**Input records:**
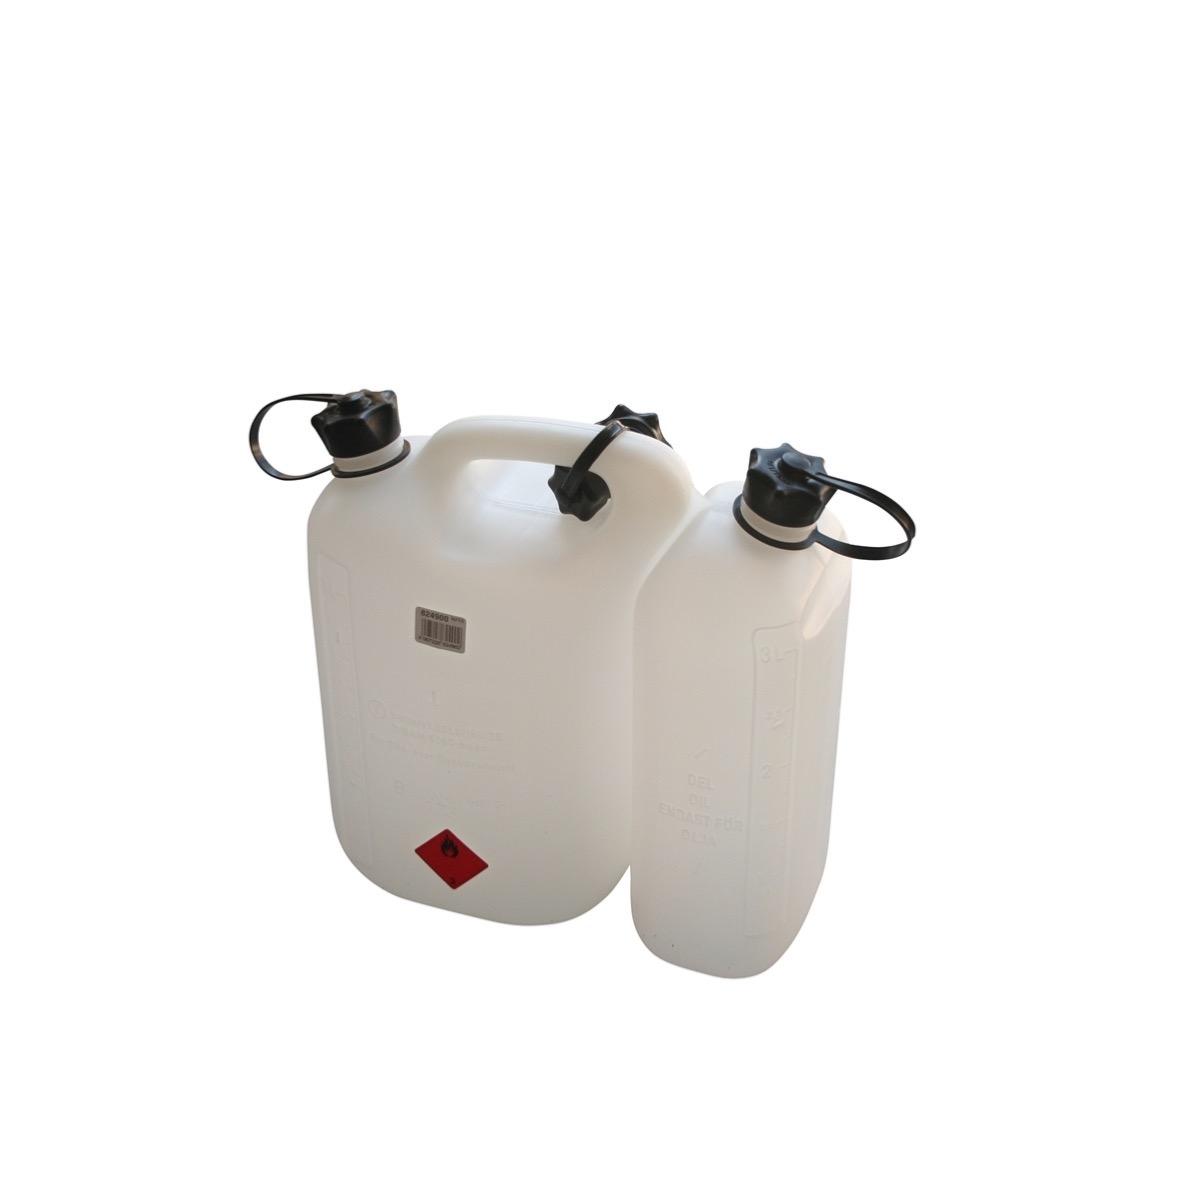 Extremement Bidon double essence et huile pour tronçonneuse 5.5L + 3L KE-08
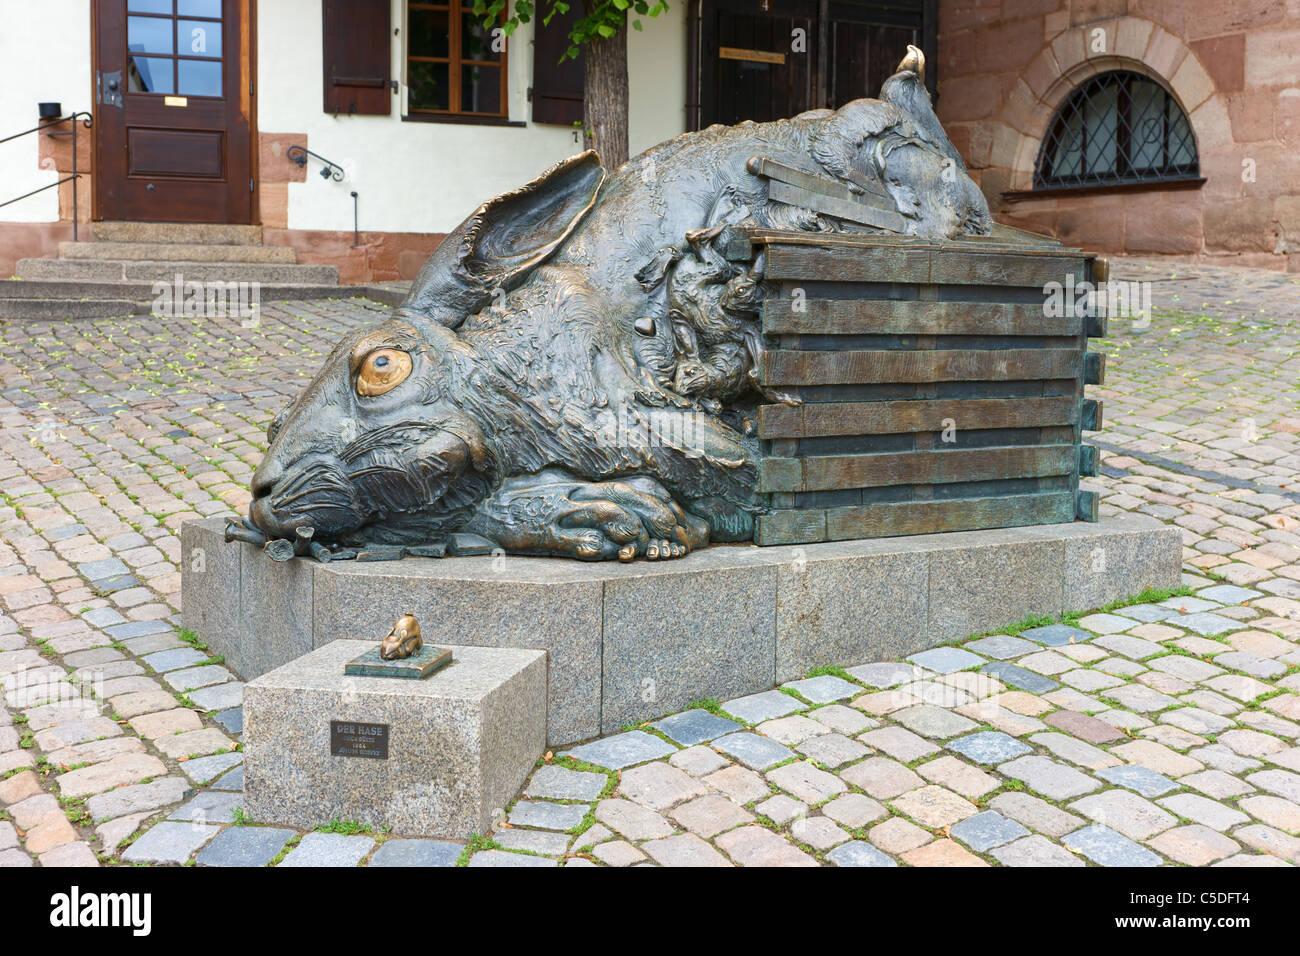 Der Hase nach Dürer sculpture by Jürgen Goertz in 1984 - Stock Image
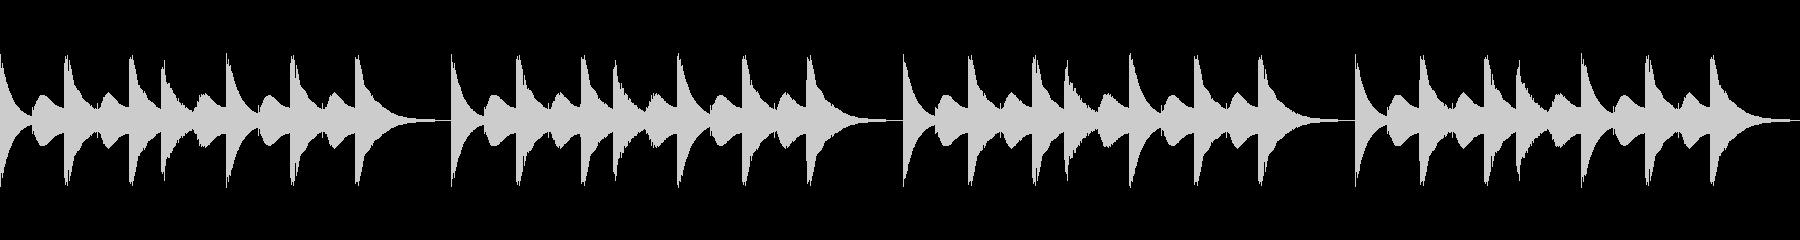 スマホ風着信音2の未再生の波形
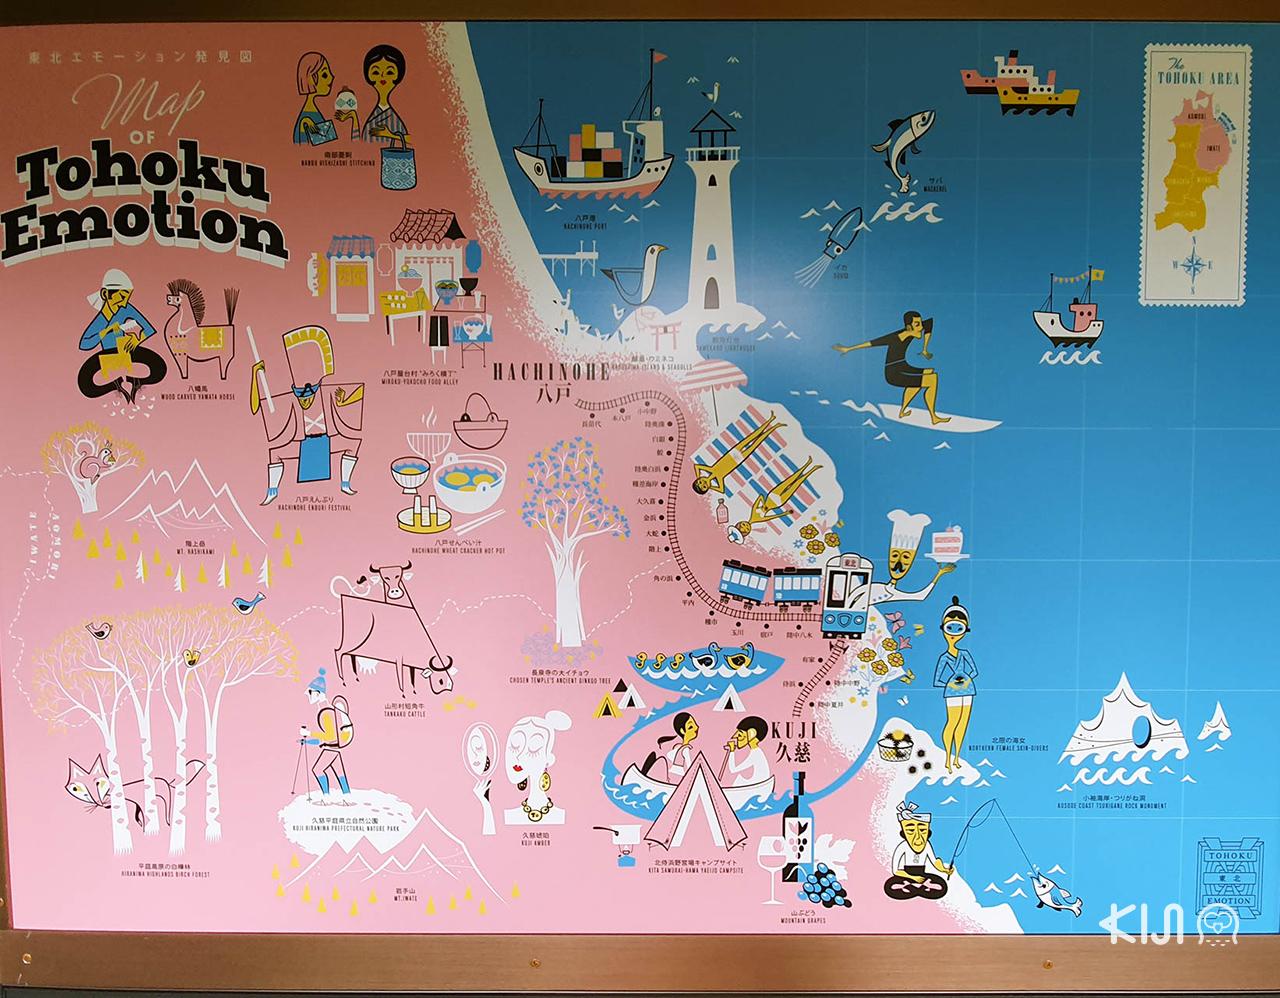 เส้นทางการเดินขบวนของ TOHOKU EMOTION
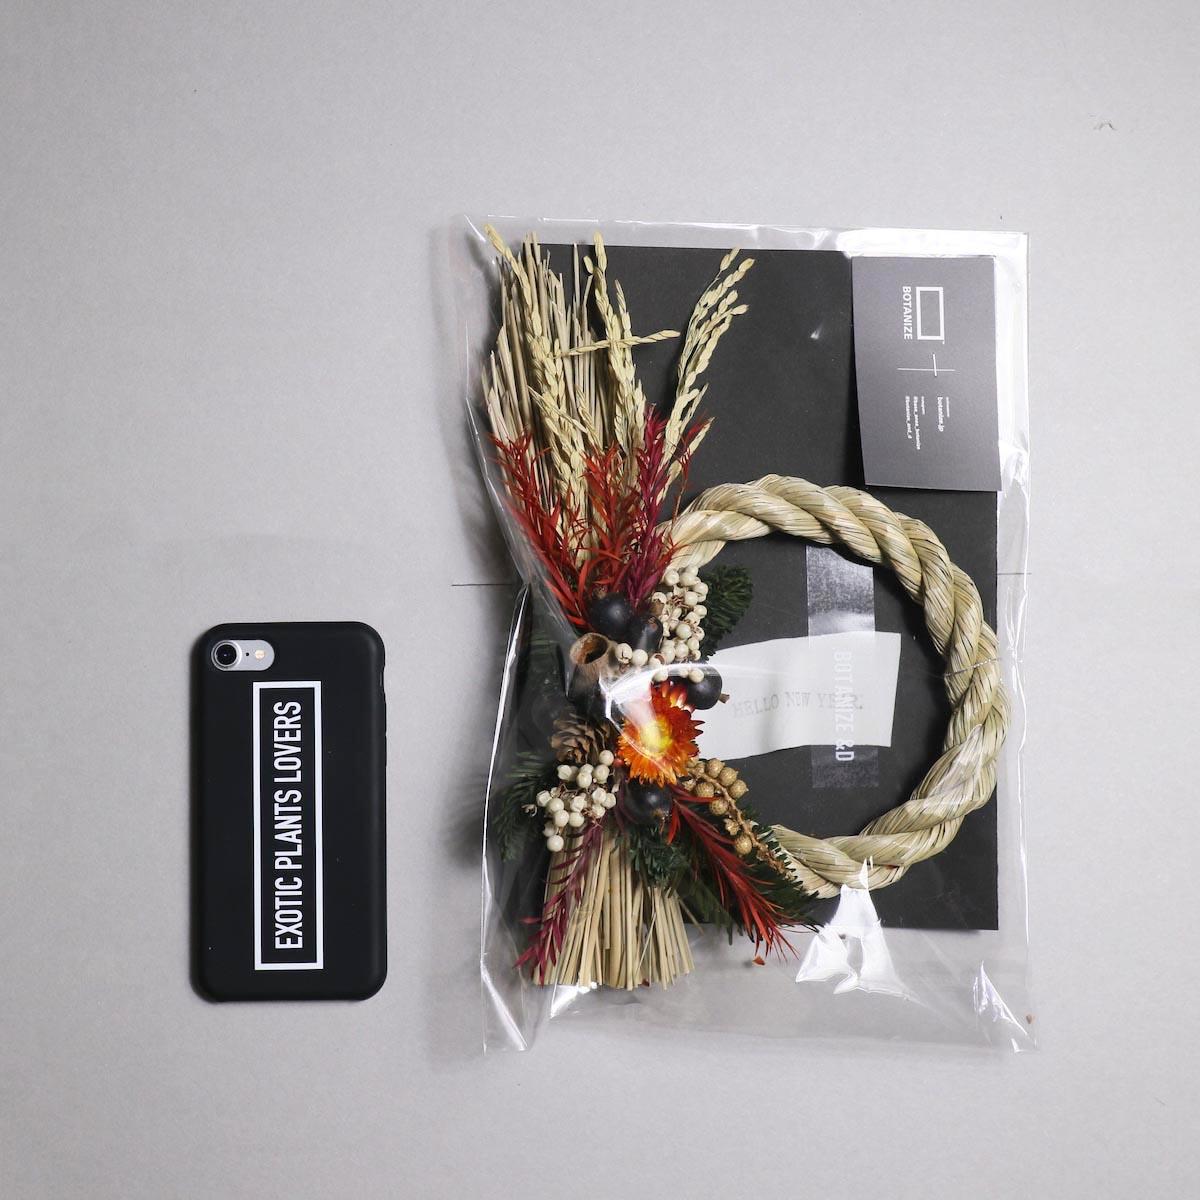 BOTANIZE&D / SHIMENAWA wreathe -S- (typeA) サイズ感 (iphone7との比較)

**Your instructions:** Only the lines from the one containing "Der Hase nach" through the last line of the entries should be transcribed, exactly and with no pictures.

**The completed task:**
 Der Hase nach Dürer sculpture by Jürgen Goertz in 1984 - Stock Image
 スマホ風着信音2の未再生の波形
 เส้นทางการเดินขบวนของ TOHOKU EMOTION
 BOTANIZE&D / SHIMENAWA wreathe -S- (typeA) サイズ感 (iphone7との比較)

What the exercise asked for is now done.